Annual cycle by region
Each row tracks one production region across the calendar year. Amber bars mark critical weather-sensitive windows where yield outcomes are determined.
Why these windows matter
Citrus (Oranges, Mandarins, Lemons, Limes, Grapefruit) yields are determined disproportionately during a small number of weather-sensitive windows. Across the 7 production regions tracked here, 9 windows show outsized sensitivity to rainfall, temperature, or storm damage. Buyers who track these windows can position contracts ahead of price moves driven by yield uncertainty.
The most consequential weather risks for citrus (oranges, mandarins, lemons, limes, grapefruit) are concentrated in specific months. Florida orange belt directly exposed to Atlantic hurricane season Sep-Nov. Hurricane Ian (Sep 2022) and Idalia (Aug 2023) caused 30-70% crop losses. Compounds HLB damage. Drives FCOJ price spikes ($3-4/lb 2023-24). Climate change increasing hurricane intensity. Citrus trees damaged at -2°C; killed at -6°C. Texas 2021 Uri freeze devastated grapefruit. Florida occasional freezes destroy crop. Brazil frost rare but catastrophic when occurs (1994 Black Frost). Mediterranean periodic frost events.
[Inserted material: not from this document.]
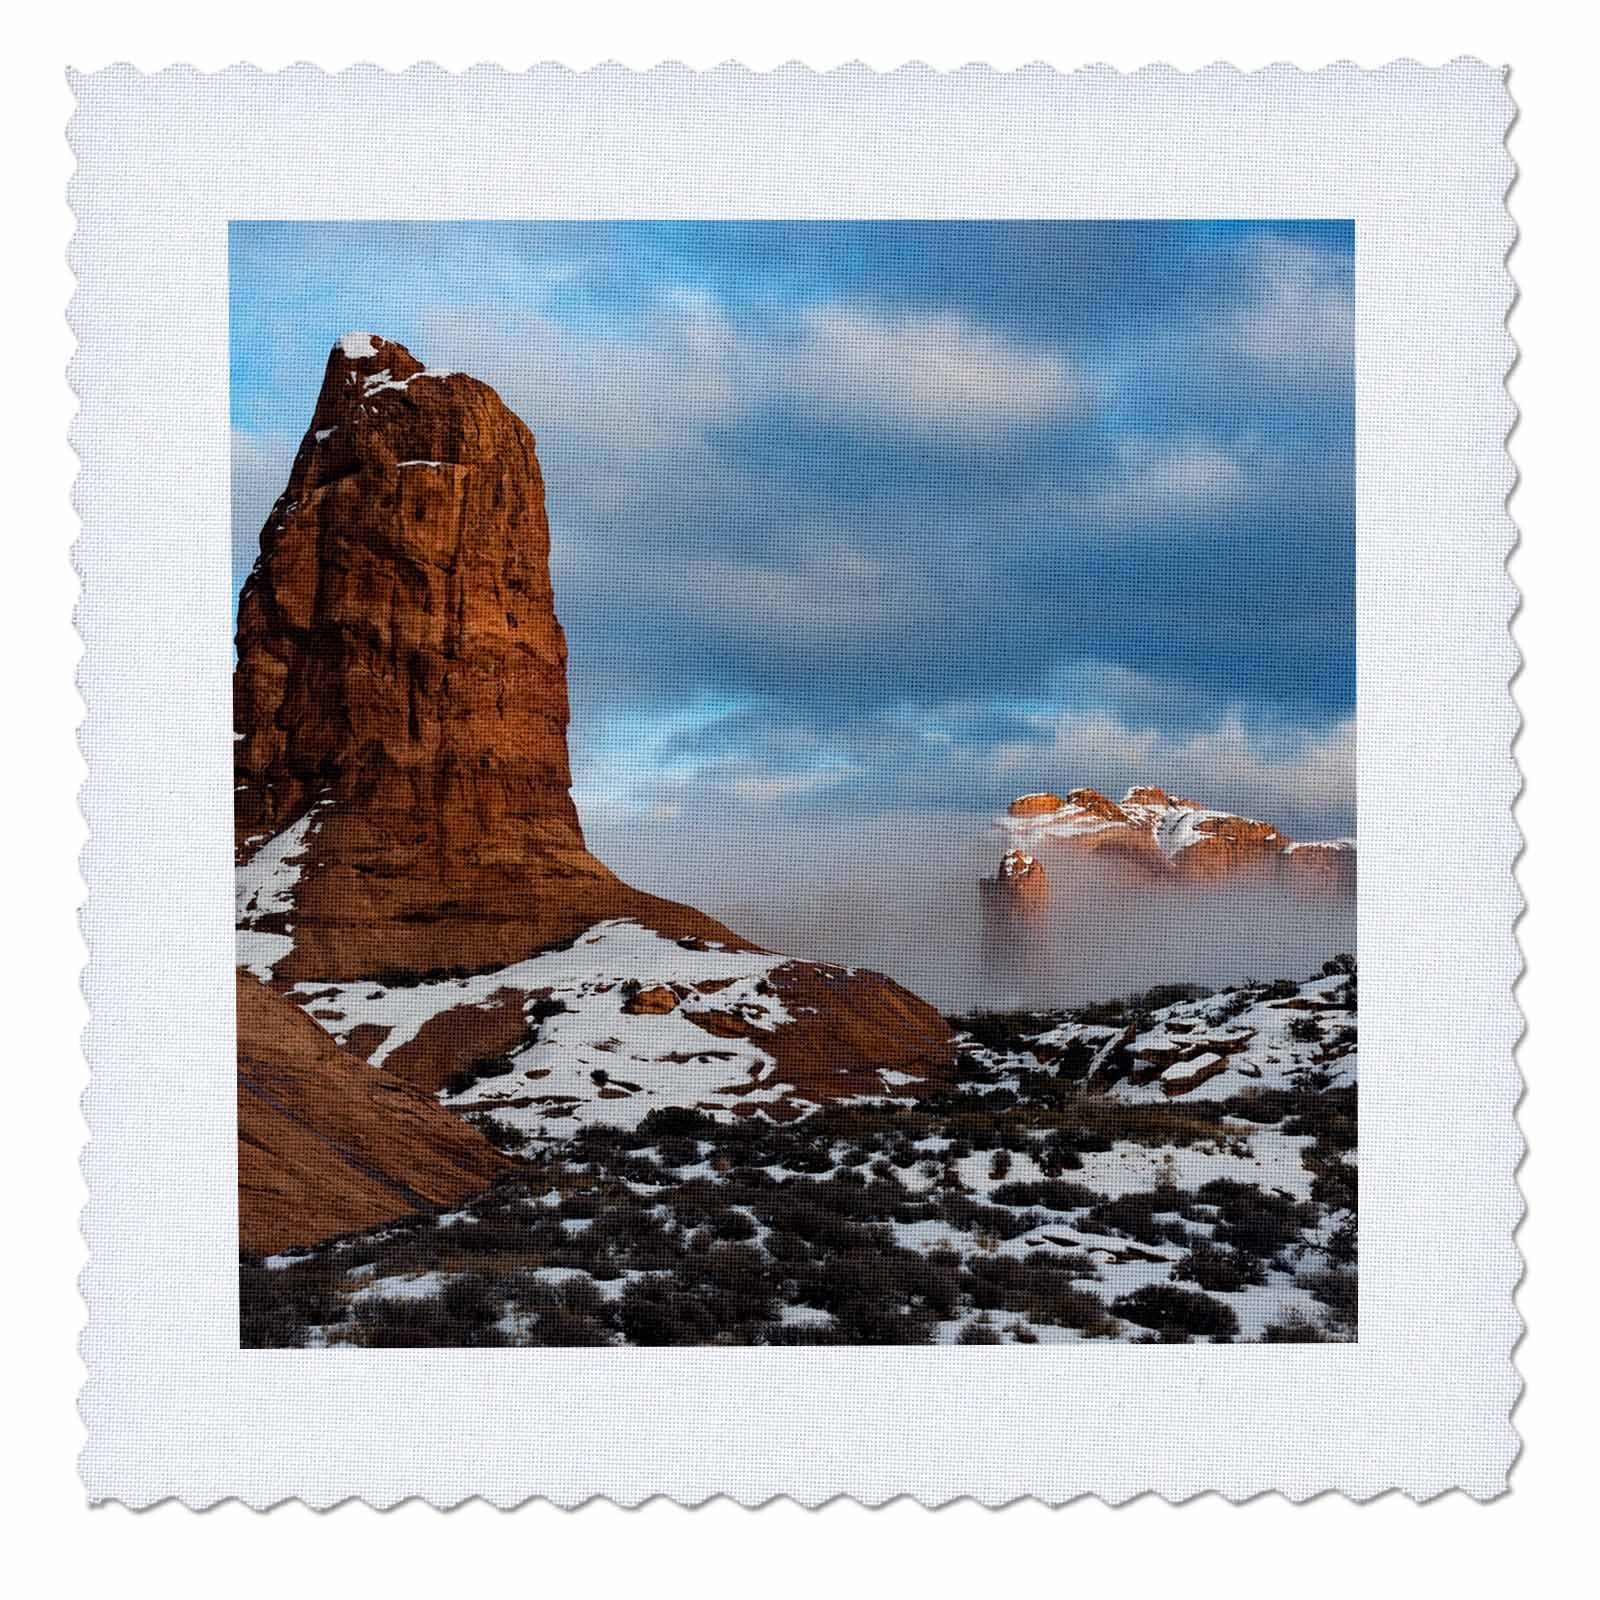 3dRose Danita Delimont - Utah - USA, Utah. Fog descending over eroded cliffs of the Windows Section - 16x16 inch quilt square (qs_260317_6)

These forces drive the seasonal volatility that shows up in futures markets weeks or months later.
The calendar above is structural, not predictive — it shows where and when citrus (oranges, mandarins, lemons, limes, grapefruit) grows under normal conditions. Weather anomalies (El Niño, La Niña, regional droughts) shift these windows by weeks and compound across regions. Atlas Tradex tracks these anomalies in its supply-risk data and surfaces them on the citrus (oranges, mandarins, lemons, limes, grapefruit) risk surface.
Atlas Tradex lists verified citrus (oranges, mandarins, lemons, limes, grapefruit) suppliers with current-season inventory and capacity. Filter by origin, harvest window, and compliance posture in one view.